Exercise aim
Each line of the material should be output exactly as shown.

*** Block opens ***

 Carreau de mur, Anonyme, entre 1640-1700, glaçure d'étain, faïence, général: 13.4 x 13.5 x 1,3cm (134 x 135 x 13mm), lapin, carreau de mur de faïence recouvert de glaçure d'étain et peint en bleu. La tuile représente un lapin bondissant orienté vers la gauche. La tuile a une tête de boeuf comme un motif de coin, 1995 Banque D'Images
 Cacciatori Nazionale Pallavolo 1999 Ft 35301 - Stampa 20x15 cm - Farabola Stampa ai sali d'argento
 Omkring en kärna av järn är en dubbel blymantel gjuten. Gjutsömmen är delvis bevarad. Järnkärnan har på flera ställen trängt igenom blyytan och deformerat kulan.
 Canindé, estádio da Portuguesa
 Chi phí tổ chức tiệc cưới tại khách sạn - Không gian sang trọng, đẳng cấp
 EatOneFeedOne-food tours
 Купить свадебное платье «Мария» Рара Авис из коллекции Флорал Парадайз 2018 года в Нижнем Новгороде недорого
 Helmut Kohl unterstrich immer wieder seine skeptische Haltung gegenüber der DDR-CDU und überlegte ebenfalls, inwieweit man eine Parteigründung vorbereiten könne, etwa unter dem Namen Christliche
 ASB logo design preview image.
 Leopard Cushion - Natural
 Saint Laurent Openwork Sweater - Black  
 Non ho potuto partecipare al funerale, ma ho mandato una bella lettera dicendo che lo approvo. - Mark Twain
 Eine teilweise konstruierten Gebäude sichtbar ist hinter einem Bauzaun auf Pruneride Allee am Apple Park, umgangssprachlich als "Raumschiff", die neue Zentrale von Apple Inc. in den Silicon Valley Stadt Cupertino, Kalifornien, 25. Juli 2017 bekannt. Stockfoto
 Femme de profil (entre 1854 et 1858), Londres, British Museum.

*** Block closes ***

Response area
 Carreau de mur, Anonyme, entre 1640-1700, glaçure d'étain, faïence, général: 13.4 x 13.5 x 1,3cm (134 x 135 x 13mm), lapin, carreau de mur de faïence recouvert de glaçure d'étain et peint en bleu. La tuile représente un lapin bondissant orienté vers la gauche. La tuile a une tête de boeuf comme un motif de coin, 1995 Banque D'Images
 Cacciatori Nazionale Pallavolo 1999 Ft 35301 - Stampa 20x15 cm - Farabola Stampa ai sali d'argento
 Omkring en kärna av järn är en dubbel blymantel gjuten. Gjutsömmen är delvis bevarad. Järnkärnan har på flera ställen trängt igenom blyytan och deformerat kulan.
 Canindé, estádio da Portuguesa
 Chi phí tổ chức tiệc cưới tại khách sạn - Không gian sang trọng, đẳng cấp
 EatOneFeedOne-food tours
 Купить свадебное платье «Мария» Рара Авис из коллекции Флорал Парадайз 2018 года в Нижнем Новгороде недорого
 Helmut Kohl unterstrich immer wieder seine skeptische Haltung gegenüber der DDR-CDU und überlegte ebenfalls, inwieweit man eine Parteigründung vorbereiten könne, etwa unter dem Namen Christliche
 ASB logo design preview image.
 Leopard Cushion - Natural
 Saint Laurent Openwork Sweater - Black  
 Non ho potuto partecipare al funerale, ma ho mandato una bella lettera dicendo che lo approvo. - Mark Twain
 Eine teilweise konstruierten Gebäude sichtbar ist hinter einem Bauzaun auf Pruneride Allee am Apple Park, umgangssprachlich als "Raumschiff", die neue Zentrale von Apple Inc. in den Silicon Valley Stadt Cupertino, Kalifornien, 25. Juli 2017 bekannt. Stockfoto
 Femme de profil (entre 1854 et 1858), Londres, British Museum.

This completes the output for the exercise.